The weakened prospects for US ethanol output are, in cutting production prospects for distillers’ grains (DDGs), boosting demand hopes for rival high-protein feed ingredient soymeal, as Agrimoney discussed earlier.
“Declining DDGs output could give a medium-term boost to US soymeal demand,” Mr Reilly said.
“This and a slowdown in Argentina meal shipments have rallied board crush,” he said noting that at the Chicago exchange, “meal registrations continue to get cancelled” as sellers go elsewhere.
And with Argentine shipments facing the hurdle of export taxes, besides the woes at leading crusher Vincentin, this is one area where the US can hope to pick up orders from importers. (South Korea was in for soymeal too, buying 60,000 tonnes.)
“US beans and meal are also competitive and look to be even cheaper than Brazil offers at the moment,” said Benson Quinn Commodities.
“Along with uncertainties in Argentina this has offered support to at least two components of the soy complex.”
‘Values not seen since 2006’
In fact, soymeal futures for May closed up 1.9% at $304.00 a short ton, climbing back above 40-day and 50-day moving averages.
Soybeans themselves for May ended a more modest 0.2% up at $8.25 ½ a bushel, undermined by soyoil, which ended down 0.6% at 25.04 cents a pound for May, hurt by its role (in times of tumbling energy prices) as a major biodiesel feedstock.
Benson Quinn Commodities said that “soyoil is still under pressure from slide in energies with May soyoil trading at values not seen since 2006”, earlier hitting a fresh 14-year low of 24.68 cents a pound.

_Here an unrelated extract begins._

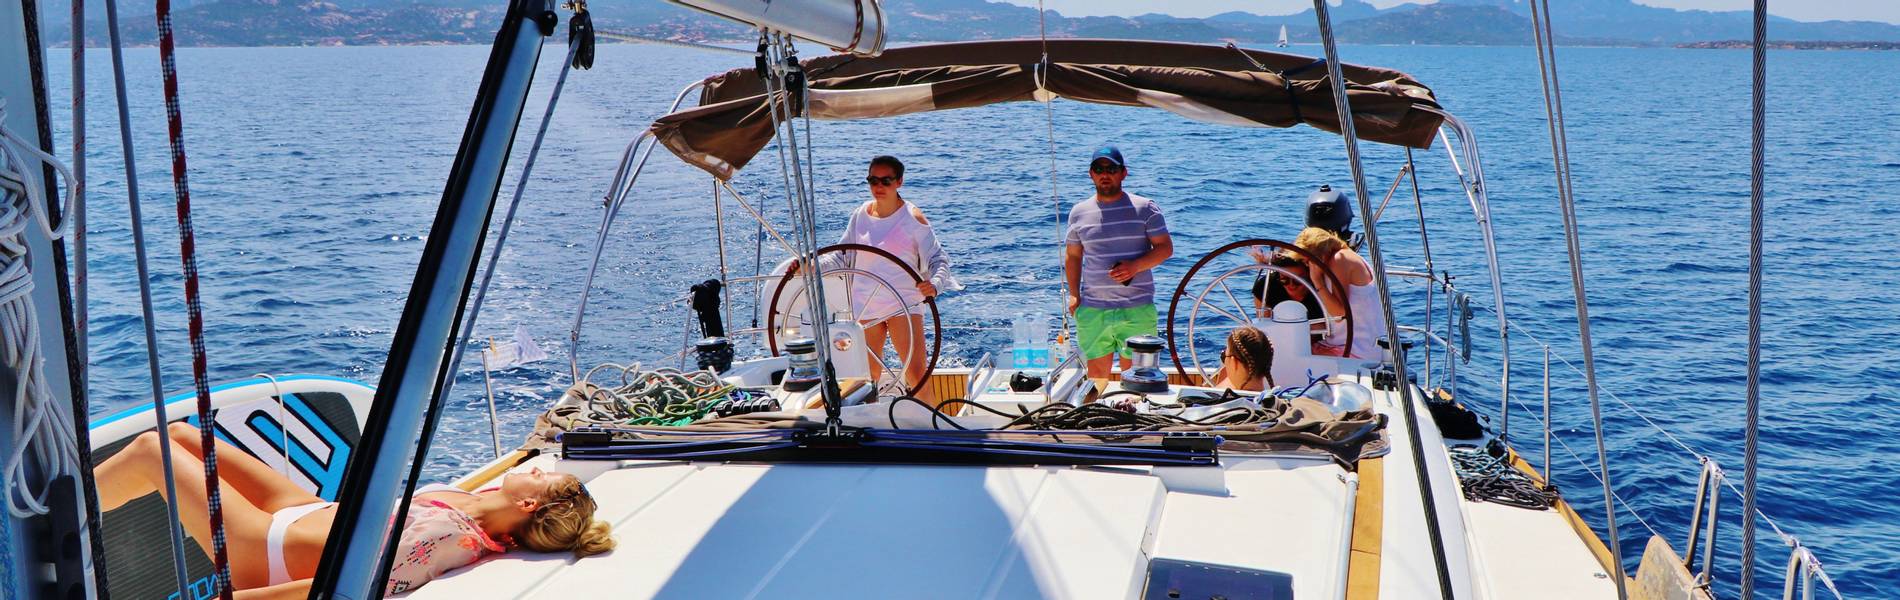 Bareboat Yacht Charter Holidays Sailing Holidays 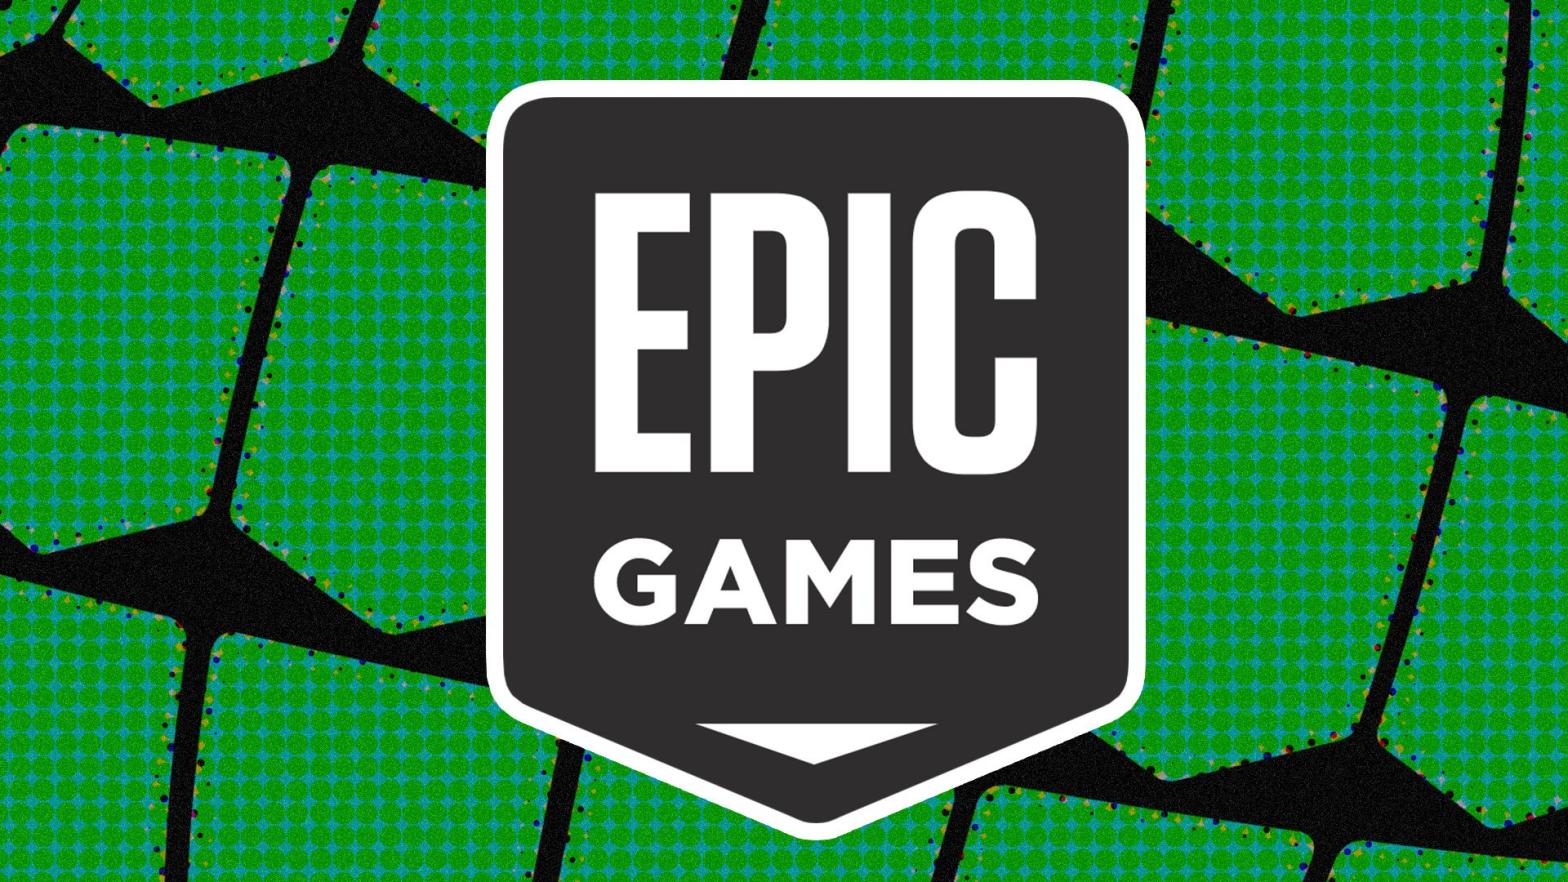 Image: Epic Games / Kotaku

Among soft commodities, raw sugar fell a further 2.0% to 10.67 cents a pound in New York for May, an 18-month closing low, weighed by a 3.0% plunge in Brazil’s real, besides by the weak ethanol market, which boosts the appeal to cane crushers of making sweetener instead.
“Oil prices are nearing levels where, not only do Brazil’s mills do not want to produce ethanol, motorists in Brazil might not want to buy it,” said Tobin Gorey at Commonwealth Bank of Australia.
“That has some worrisome implications for sugar prices – if oil prices stay low.”
And that was before state-run Petrobras cut gasoline prices by 12% at the country’s refineries, the second significant reduction in a week.
Goldman Sachs has forecast sugar prices falling to levels not seen since 2007, overshadowing an announcement by Germany’s Suedzucker of “high demand” for sugar.
‘Expected to be hit hardest’
Cotton - which Goldman said represented with corn “the most energy intensive commodities”, meaning that “we would expect them to be hit hardest” by oil’s price tumble – fell by 2.2% to 56.64 cents a pound in New York for May.
That was a four-year closing low for a spot contract.
Goldman also flagged the threat to cotton demand from “the virus-related weaker global growth outlook, with our economists downgrading growth expectations for 2020 from 3.4% to 2%, with the risk of a recession increasing”.
Furthermore, “supply-side disruption to the textile industry in Vietnam presents a tail risk to US exports for the second and third quarters of 2020, as the country was the lone bright spot in US exports”.
However, flying the flag for soft commodity bulls was arabica coffee, which for May rose by 1.7% to 112.60 cents a pound.
This despite a caution from Goldman Sachs of a 10% dent to demand from Covid-19, as virus fears deter consumers from eating out, but came amid worries of a further squeeze on Brazilian exports from Santos, the country’s largest port, thanks to measures to tackle coronavirus.
Indeed, futures closed well below an earlier high of 119.45 cents a pound, after reports that some agreement had been reached with unions to keep shipments rolling.